The customer will need to either check the accessibility of each page or have their CMS provider insert this data in each page (a fairly simple task usually).
They could “cheat” and insert the element with content as “not known”. This would actually comply with the regulations but obviously isn’t very useful.
2. eGMS.Creator
Example :
<meta name="eGMS.Creator" content="Corporate Affairs, Sunderland NHS" />
It is likely that this should be the same for each page on a given website so again, the
technology team could insert this value across the site.
3. eGMS.Date
If this element isn’t present then it can probably be extracted from the article details within
the CMS and then updated across the site.
4. eGMS.Identifier
Example :
<meta name=“eGMS.identifier” content=“http://purl.oclc.org/NET/e-GMS_v1”>
In most cases, this is the URL of the page in question.
This could be generated “on the fly” by the CMS or inserted as a value by the tech team.
5. eGMS.Publisher
Example :
<meta name=“eGMS.publisher” content=“The Stationery Office, St Crispins, Duke Street,
Norwich NR3 1PD, 0870 610 5522, esupport@theso.co.uk”>
It is likely that this should be the same for each page on a given website so again, the technology team could insert this value across the site.
6. eGMS.Subject
Example :
<meta name=“eGMS.subject.keyword” scheme=“CurriculumOnline” content=“En-0383
Joined-up writing”>
This is perhaps one of the most difficult elements as it is likely that this will have to be
entered manually.
7. eGMS.Title
Example :
<meta name=“eGMS.title” content=“e-Government Metadata Standard version 3”>
This element could probably be taken from the article title and therefore the technology
team could insert this value across the site.

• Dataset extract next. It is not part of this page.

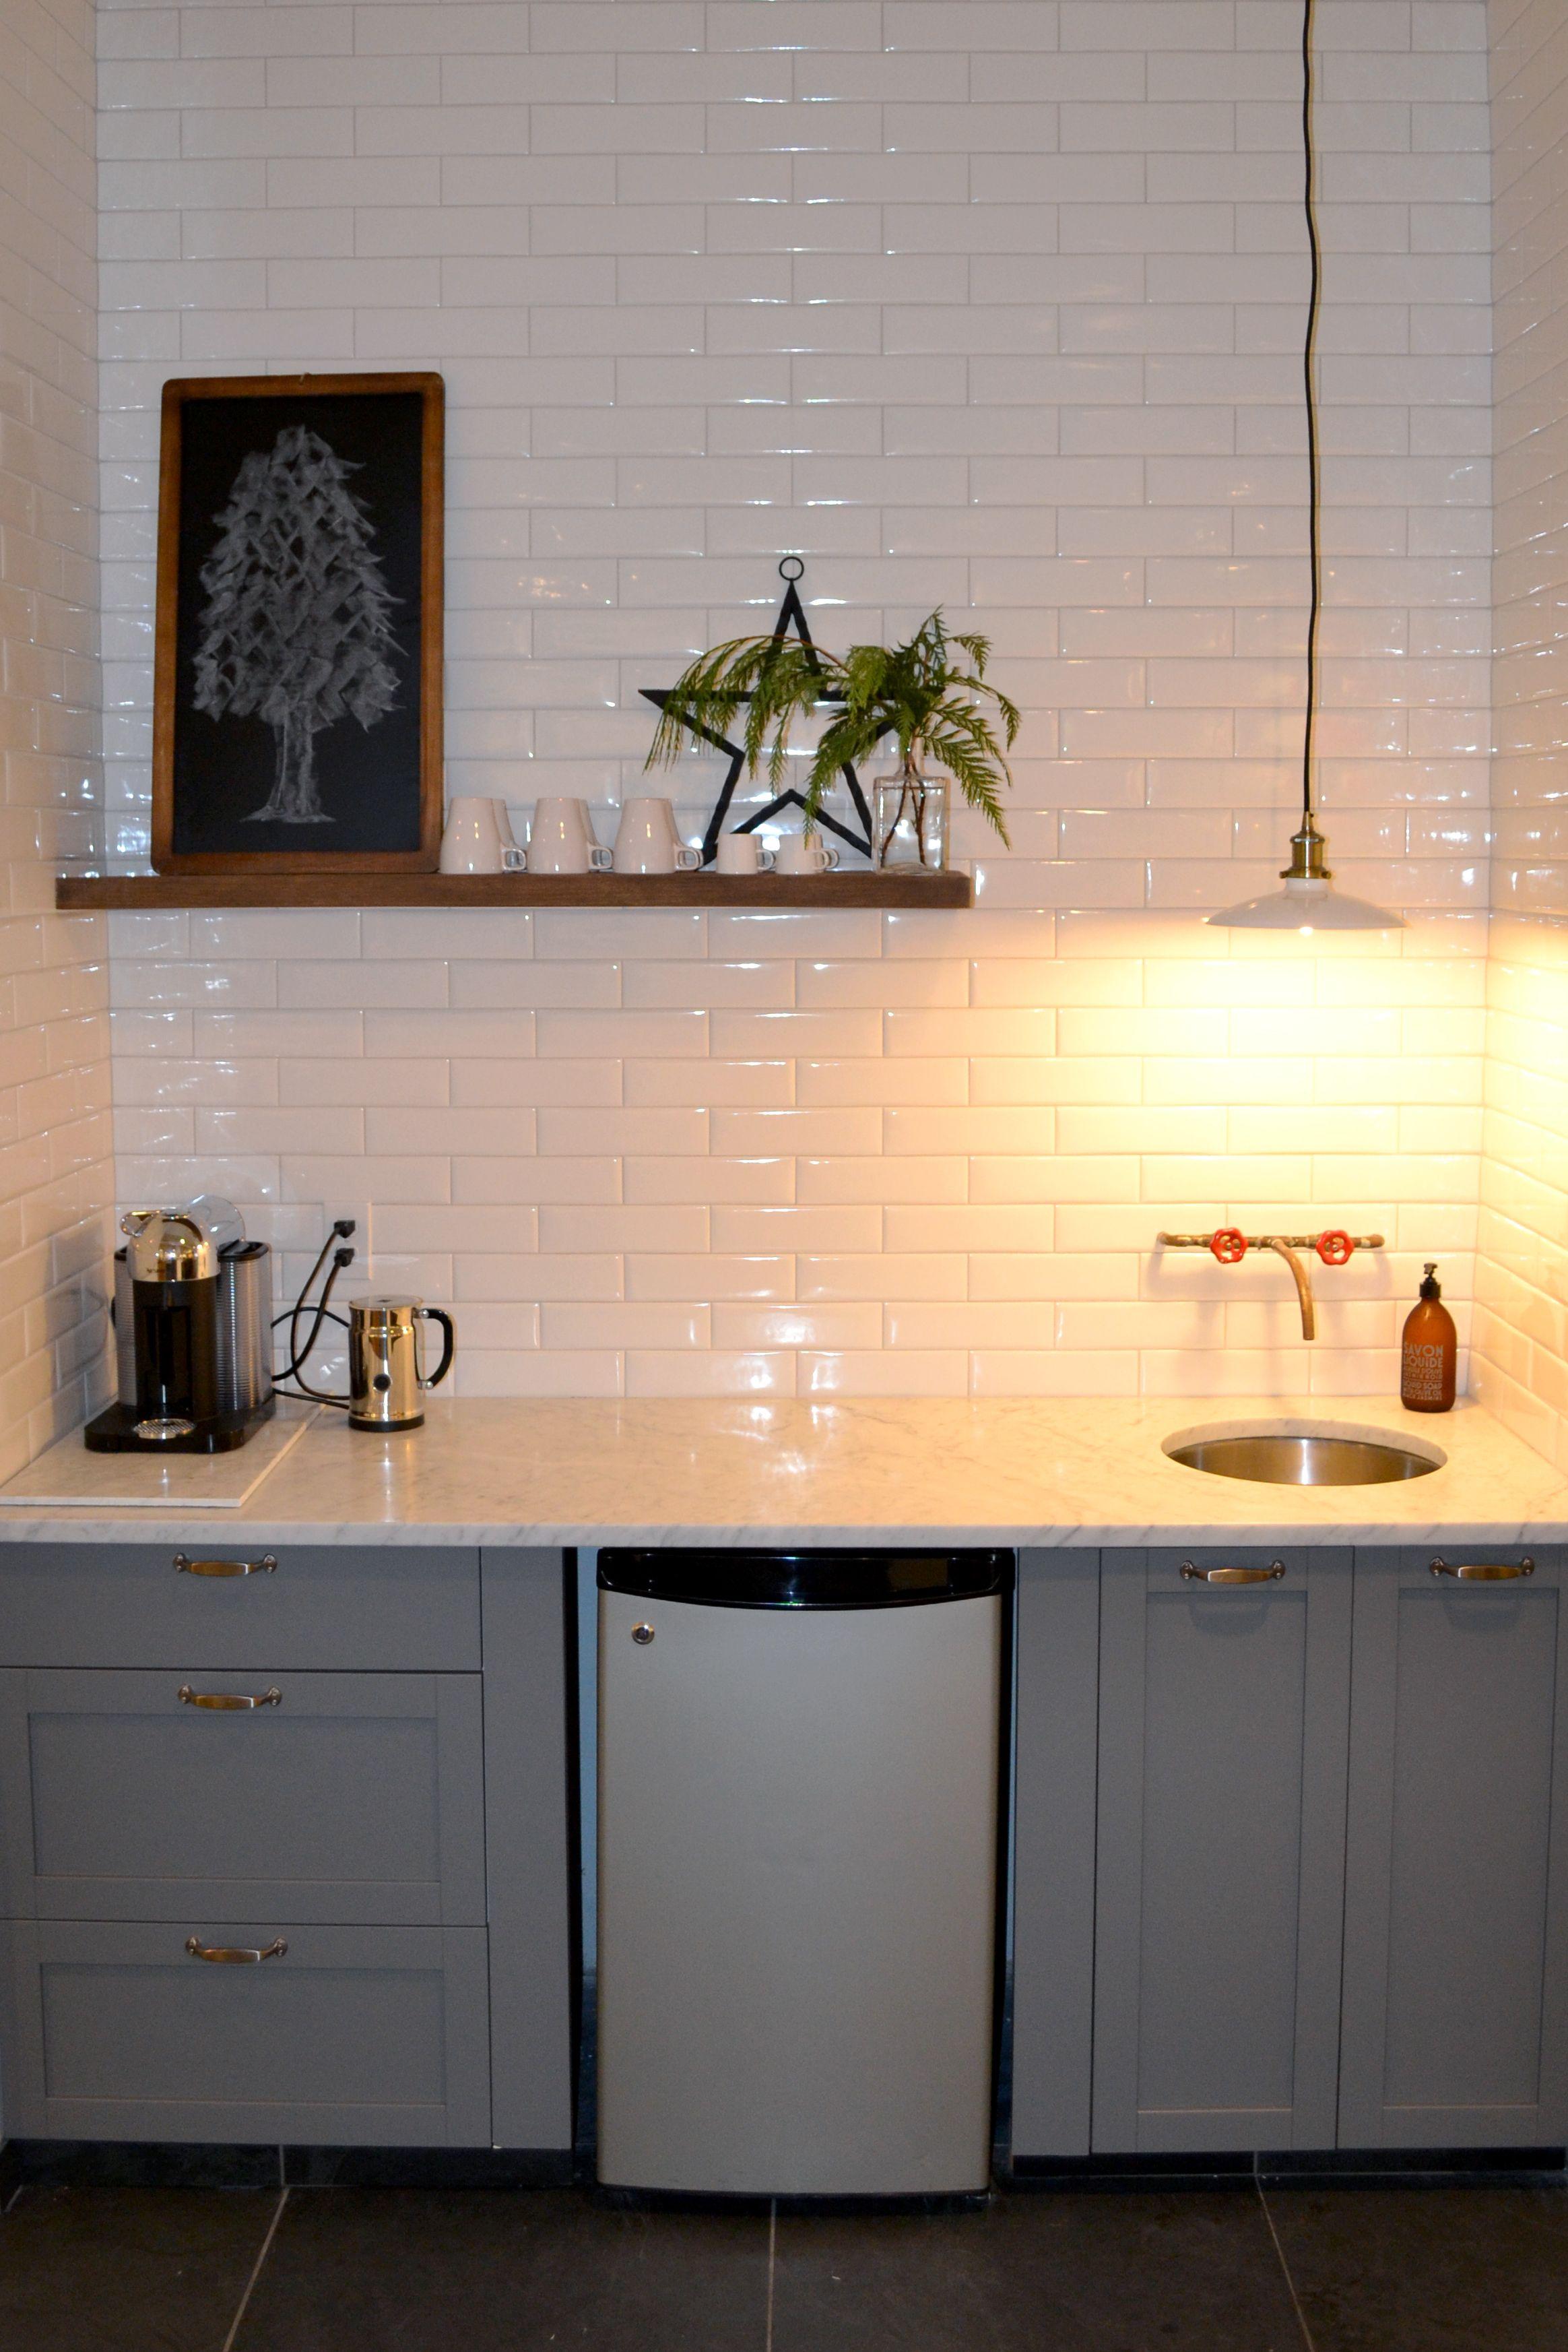 LIVERPOOL by Ceragres #tiles #ceramics #white #kitchen | Backsplash ...

From the above you can see that there is quite a bit of involvement from other departments
so it may take time for any changes to take place.
Once these changes have been carried out, a re-crawl will need to take place. A regular recrawl
will help to keep track of any new issues and obviously any other issues with the
website (page titles, broken links, etc).
I think this is a reasonable example of how CS may be used. I guess its value is diminished over time and therefore perhaps we may lose subscribers after 12 months. After the initial crawl(s) and fixes, CS then takes the roll of quality assurance by regularly crawling the site and flagging up any problems.
There is the possibility that the perceived value to the customer for this service is decreased. We need to consider this.